Using bulkCopy As New SqlBulkCopy(connectionString)
   bulkCopy.DestinationTableName = "InventoryItems"

   bulkCopy.WriteToServer(excelData)
End Using

Specifying Column Mappings


While the above code compiles without error, you'll get a runtime error when uploading the Excel spreadsheet. The reason is because when SqlBulkCopy performs the import it does so by mapping the first column of the source data to the first column of the destination table, the second column of the source data to the second column of the destination table, and so on. It does not perform the mapping by column name.

Our Excel spreadsheet has four columns, the first being for ItemID, the second for ItemName, and so forth. However, the destination database table (InventoryItems) has five columns, with its first column being an IDENTITY column (InventoryItemID). Consequently, the above code will attempt to put in the Excel spreadsheet's ItemID values into the InventoryItemID column in the database, and the Excel spreadsheet's ItemName values into the table's ItemID column, and so on.

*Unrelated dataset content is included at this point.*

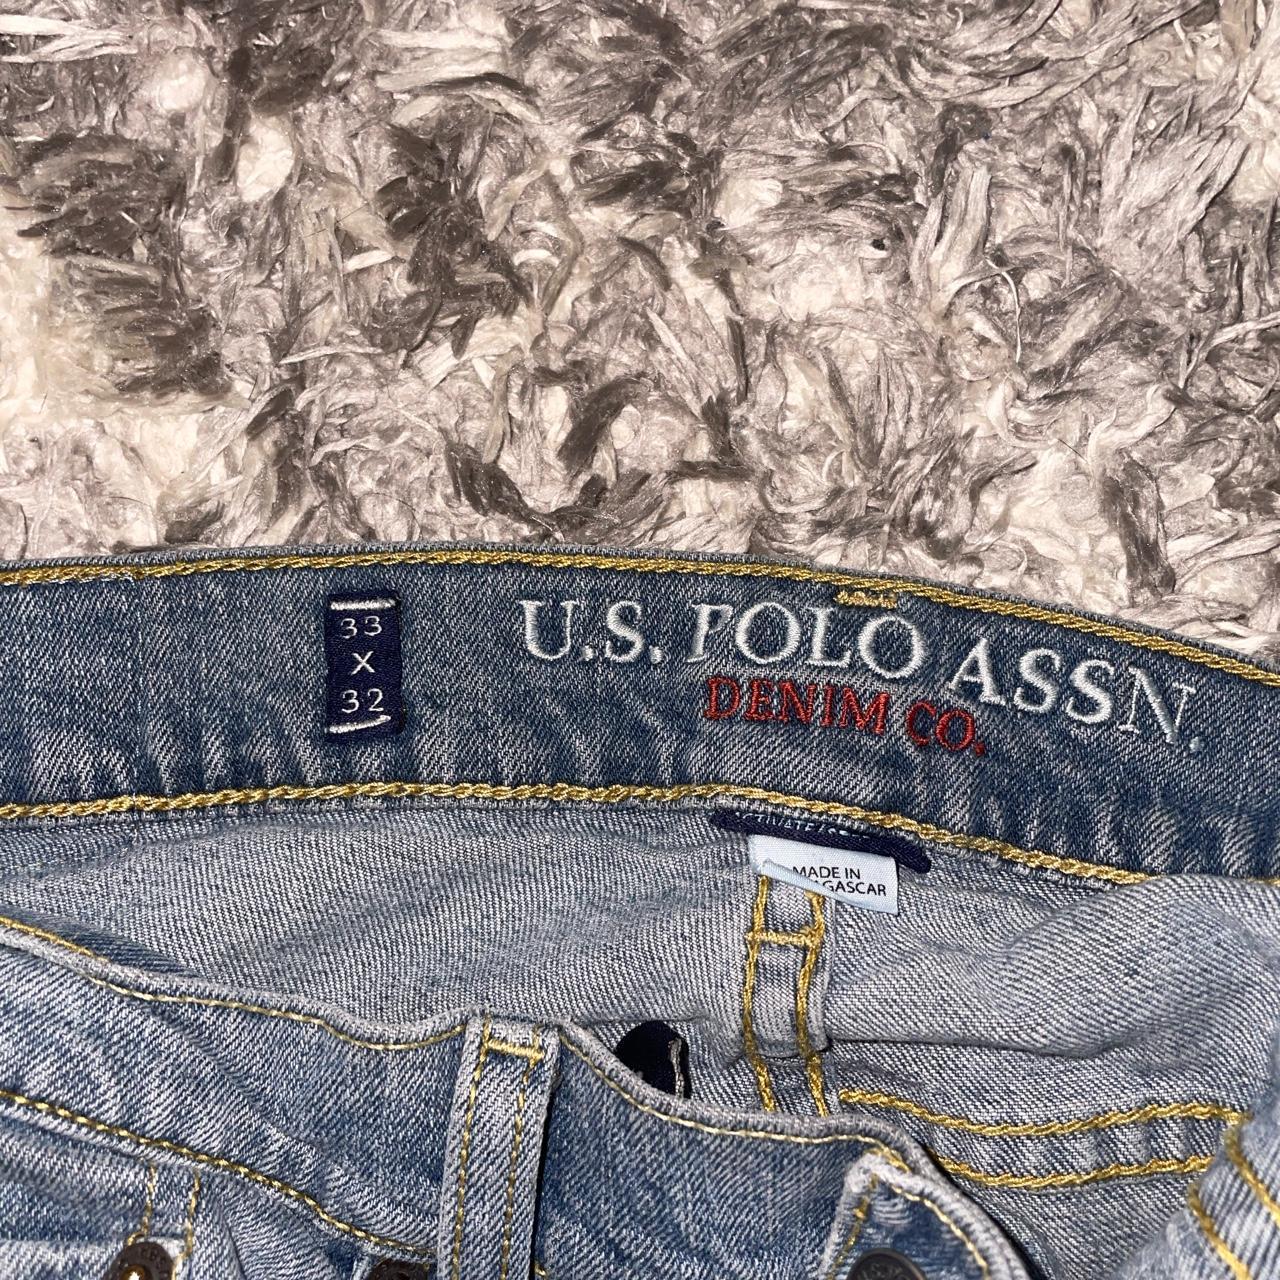 U.S. Polo Assn. Men's Jeans

In cases where the column positions in the source and destination do not match up precisely, you can specify the column mappings programmatically via the SqlBulkCopy object's ColumnMappings collection. Such mismatches can occur if the destination table includes an IDENTITY column or columns with default values that are not specified in the source data. Even if the source and destination include the exact same set of columns, you will need to specify column mappings if the order differs. For example, if the Excel spreadsheet's columns started with ItemID and was followed by ItemName, UnitPrice, UnitCost, but the InventoryItems table's columns were ordered ItemName, ItemID, UnitCost, UnitPrice, you would need to define a column mappings to correctly align the import. Failing to do so would result in the source's ItemID values getting entered into the destination's ItemName column, the ItemName values into the ItemID column, the UnitPrice values into the UnitCost column, and the UnitCost values into the UnitPrice column. In short, it would be a mess.

Let's enhance the above snippet of code to map each column in the source data to the column with the same name in the destination table (regardless of the columns' ordinal positions):

Using bulkCopy As New SqlBulkCopy(connectionString)
   bulkCopy.DestinationTableName = "InventoryItems"

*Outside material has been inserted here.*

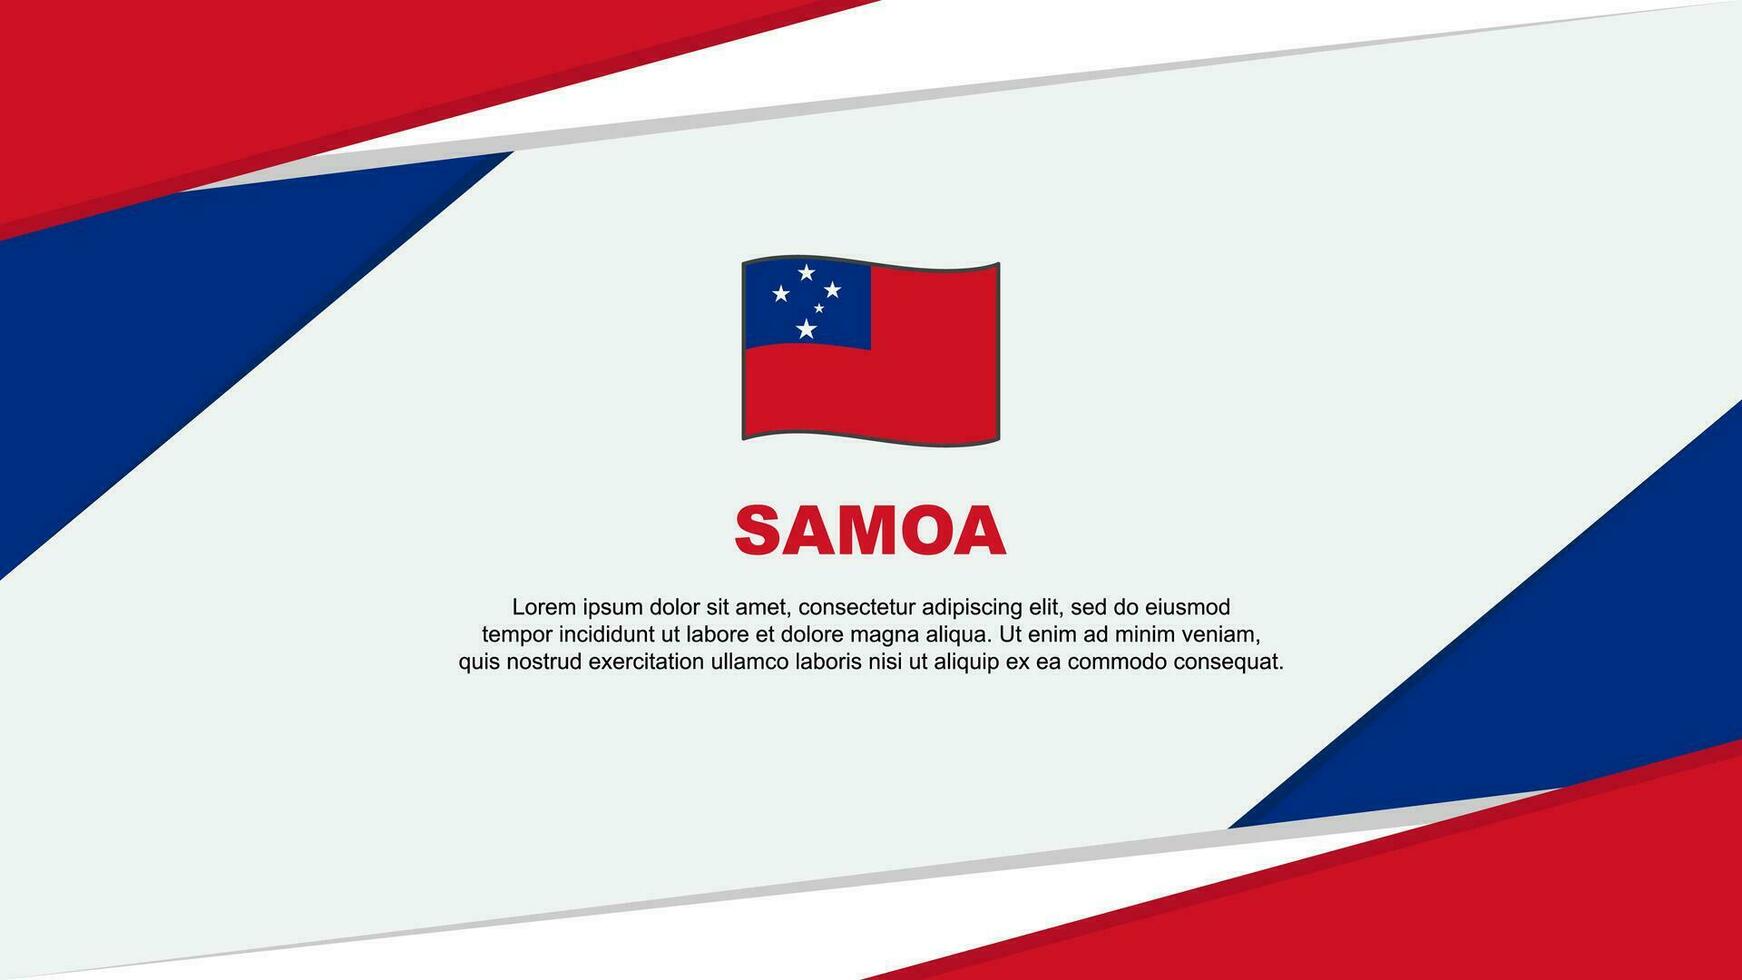 Samoa Flag Abstract Background Design Template. Samoa Independence Day Banner Cartoon Vector Illustration. Samoa

   'Define column mappings
   For Each col As DataColumn In excelData.Columns
      bulkCopy.ColumnMappings.Add(col.ColumnName, col.ColumnName)
   Next


   bulkCopy.WriteToServer(excelData)
End Using

With the three lines of code added above, each column in the Excel spreadsheet is mapped to the column in the destination table with the same name. Because the Excel spreadsheet does not contain an InventoryItemID column, the database system will auto-generate the value like it would with a normal INSERT statement.

Comparing SqlBulkCopy to One INSERT Statement Per Import Record


Programmatically importing data from a source data store to a destination data store typically involves looping through the source data one record at a time and, for each import record, executing an INSERT statement on the destination data store. As we've seen in this article, when importing data into a Microsoft SQL Server database another alternative is to use the SqlBulkCopy object, which has two advantages:
  • Using SqlBulkCopy requires far less code. Our final snippet is seven lines of code long (excluding comments and white space). The code for inserting one record at a time will likely be at least twice as many lines long.
  • SqlBulkCopy is much faster because it is less "chatty" with the database server.
To get a feel for the performance difference between SqlBulkCopy and inserting one record at a time, I created a simple, highly unscientific test case. Namely, I created a web page that allows the visitor to choose how the data should be inserted - via SqlBulkCopy or through a loop where an INSERT statement is executed once for each source record. I then uploaded Excel spreadsheets with 10, 1,000, and 10,000 records and measured the running time between SqlBulkCopy and the one INSERT per source record approaches. The times posted below are in milliseconds (1,000 ms = 1 second). (This test page and the test data are included in the download at the end of this article.)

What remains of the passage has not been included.